Question: What is the treatment of abnormal amounts of wasted materials, labor, or other production costs in the cost of inventories as per AS 2?

Answer: According to AS 2, abnormal amounts of wasted materials, labor, or other production costs should be excluded from the cost of inventories. These costs are not considered to be part of the cost of bringing the inventories to their present location and condition and should be recognized as expenses in the period in which they are incurred.

Revision Test Paper (RTP) May 2019:

Question: XYZ Ltd. uses FIFO method for inventory valuation. At the year-end, the cost of inventory is Rs. 5 lakhs, but its NRV is Rs. 4.5 lakhs. How should XYZ Ltd. value its inventory?

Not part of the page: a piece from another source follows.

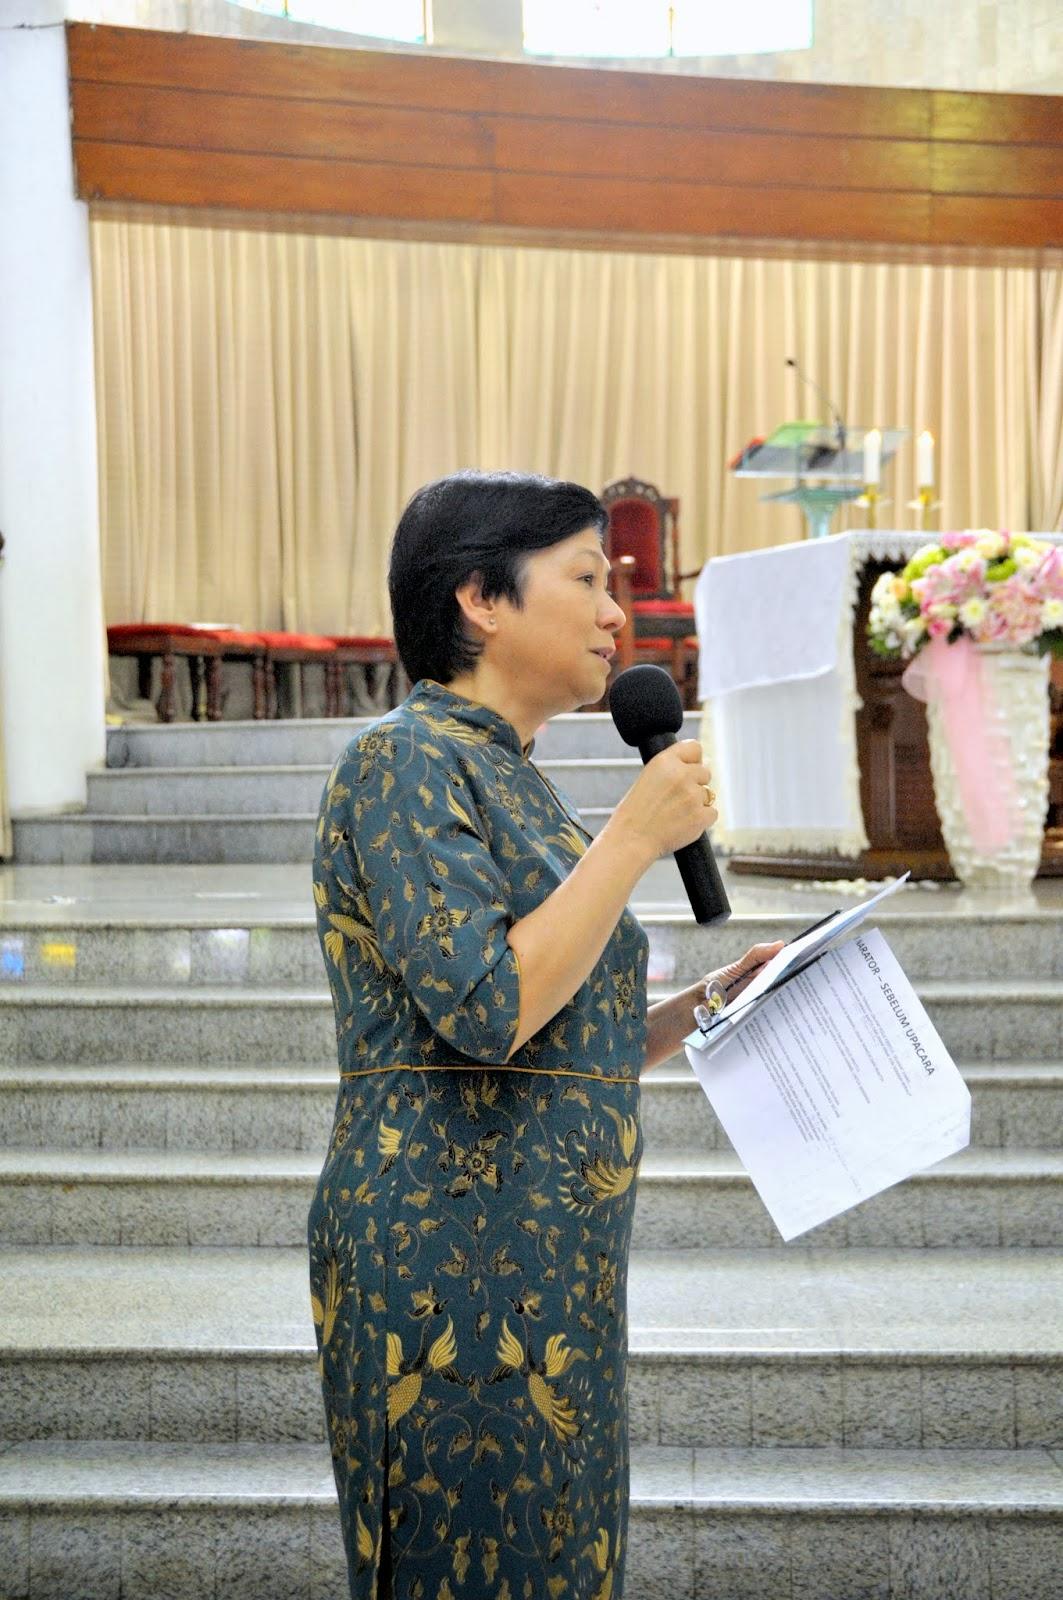 Acara Baptis Umum Bayi tanggal 02 Maret 2014 @ Maria Kusuma Karmel

Answer: According to AS 2, XYZ Ltd. should value its inventory at the lower of cost and NRV. Since the NRV of Rs. 4.5 lakhs is lower than the cost of Rs. 5 lakhs, the inventory should be valued at Rs. 4.5 lakhs in the financial statements.

Solved Case Study:

Question: A company incurs storage costs as part of its production process. Under what conditions can these costs be included in the cost of inventories as per AS 2?

Answer: Storage costs can be included in the cost of inventories as per AS 2 if they are necessary in the production process before a further production stage. If the storage costs are incurred after production is complete or for finished goods, they should be excluded from the cost of inventories and recognized as an expense in the period in which they are incurred.

November 2015:

Question: Explain the 'cost formulas' allowed under AS 2 for assigning costs to inventories.

Answer: AS 2 allows the following cost formulas for assigning costs to inventories:

  1. First-In, First-Out (FIFO): Assumes that the items of inventory purchased or produced first are sold first, and the items remaining in inventory are those most recently purchased or produced.
  2. Weighted Average Cost: The cost of each item is determined from the weighted average of the cost of similar items at the beginning of a period and the cost of similar items purchased or produced during the period. This formula gives a measure that smooths out price fluctuations.

May 2014:

Question: What are the disclosure requirements under AS 2 regarding inventories?

Answer: AS 2 requires the following disclosures regarding inventories:

  1. The accounting policies adopted in measuring inventories, including the cost formula used.
  2. The total carrying amount of inventories and its classification appropriate to the enterprise.
  3. The carrying amount of inventories carried at fair value less costs to sell.
  4. The amount of any write-down of inventories recognized as an expense.
  5. The amount of any reversal of any write-down that is recognized as a reduction in the amount of inventories recognized as expense.

November 2013:

Question: What is 'net realizable value' (NRV) and how is it determined according to AS 2?

Answer: Net Realizable Value (NRV) is the estimated selling price in the ordinary course of business less the estimated costs of completion and the estimated costs necessary to make the sale. According to AS 2, NRV is determined based on the most reliable evidence available at the time the estimates are made, taking into account fluctuations of price or cost directly relating to events occurring after the end of the period.